Between now and then, Global Public Affairs will be providing regular updates straight from our offices across the country, giving you exclusive insights on what is going on in each region and sectors. First off, here is a look at where each party stands at the starting line for Election 2019.

Pre-writ outlook:  Despite taking a tumble in the polls in the early part of 2019 due to the SNC-Lavalin controversy, the Liberal party has been moving slowly back into a leading position as the campaign is set to get underway. The road to a majority government may prove challenging, with the Liberals needing to offset losses in Atlantic and Western Canada with significant gains in Ontario and Quebec.


Pre-writ outlook: Going into his first campaign in charge, Conservative Leader Andrew Scheer has found his party running neck-in-neck with the governing Liberals for most of 2019, holding a lead in the earlier part of the year that has balanced out. The regional balances are not working in the Conservatives favour as the campaign gets underway, as massive leads in Alberta and the Prairies will not gain enough new seats for the party to form government. Gains will need to be made in Ontario and Atlantic Canada for the Tories to return to 24 Sussex.

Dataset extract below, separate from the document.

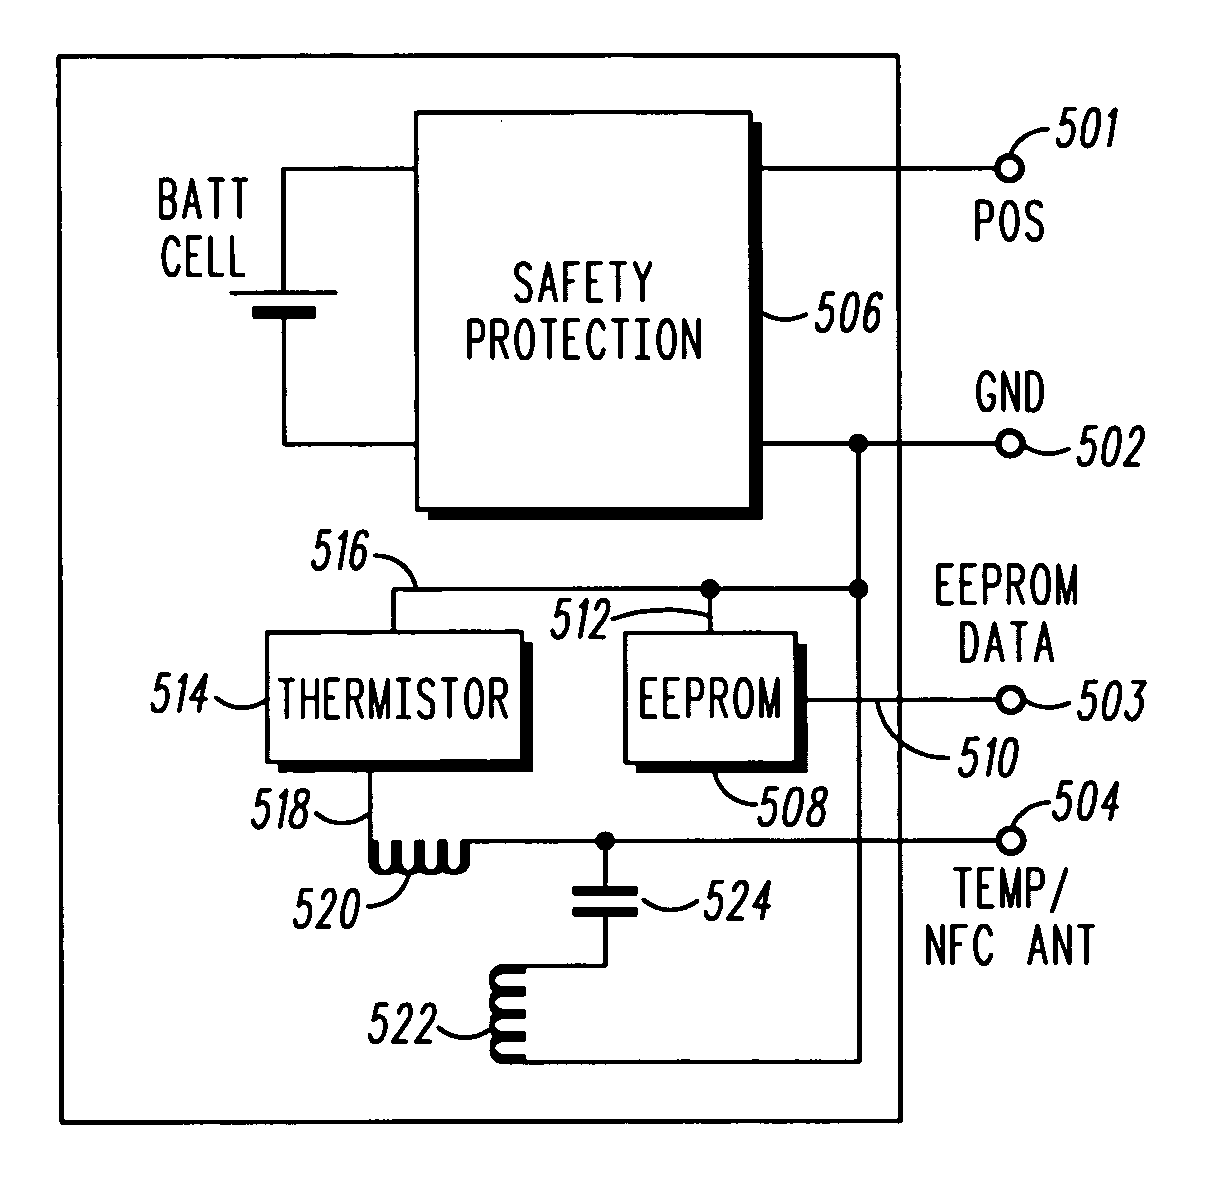 Wireless communication device with integrated battery/antenna system

Pre-writ outlook: With a new leader in charge and significant troubles in fundraising, candidate recruitment and polling, this may be a campaign to remember for all the wrong reasons for the NDP. The “Orange Wave” that swept through Quebec and netted the party 59 seats and an Official Opposition status in 2011 may be reduced to zero in 2019, and even areas of traditional strength for the party are no longer safe seats for NDP incumbents.


Pre-writ outlook:  Currently polling ahead of the NDP in four out of the six regions of the country (Atlantic, Quebec, Ontario and British Columbia), there is little consensus that the Greens will see much growth beyond Vancouver Island in the upcoming election. The primary target for the party is to gain 12 seats, allowing for official party status in the House of Commons, and the additional funding and supports that would provide to the party to make its mark on the national stage.


Pre-writ outlook:  With realistically only the rural Quebec seat held by PPC Leader Maxime Bernier in play (and even that is no better than a 50-50 proposition), the real impact the party may have on election night will be the number of ridings that the combined PPC and Conservative vote would have allowed for a Tory MP – and the chances of winning a majority government at the end of the day. With a number of “too close to call” ridings, even a handful of vote splits may have a significant impact on who holds power.


Pre-writ outlook:  With the potential collapse in NDP support in Quebec, the main beneficiaries could be the Bloc Quebecois who come into this campaign as a bit of a wildcard in the province. The chances of this translating into seats will depend on how strong the Bloc plays the game for votes in areas of the province where they have candidates that could win, which is proving to be a bigger challenge with limited financial resources and manpower.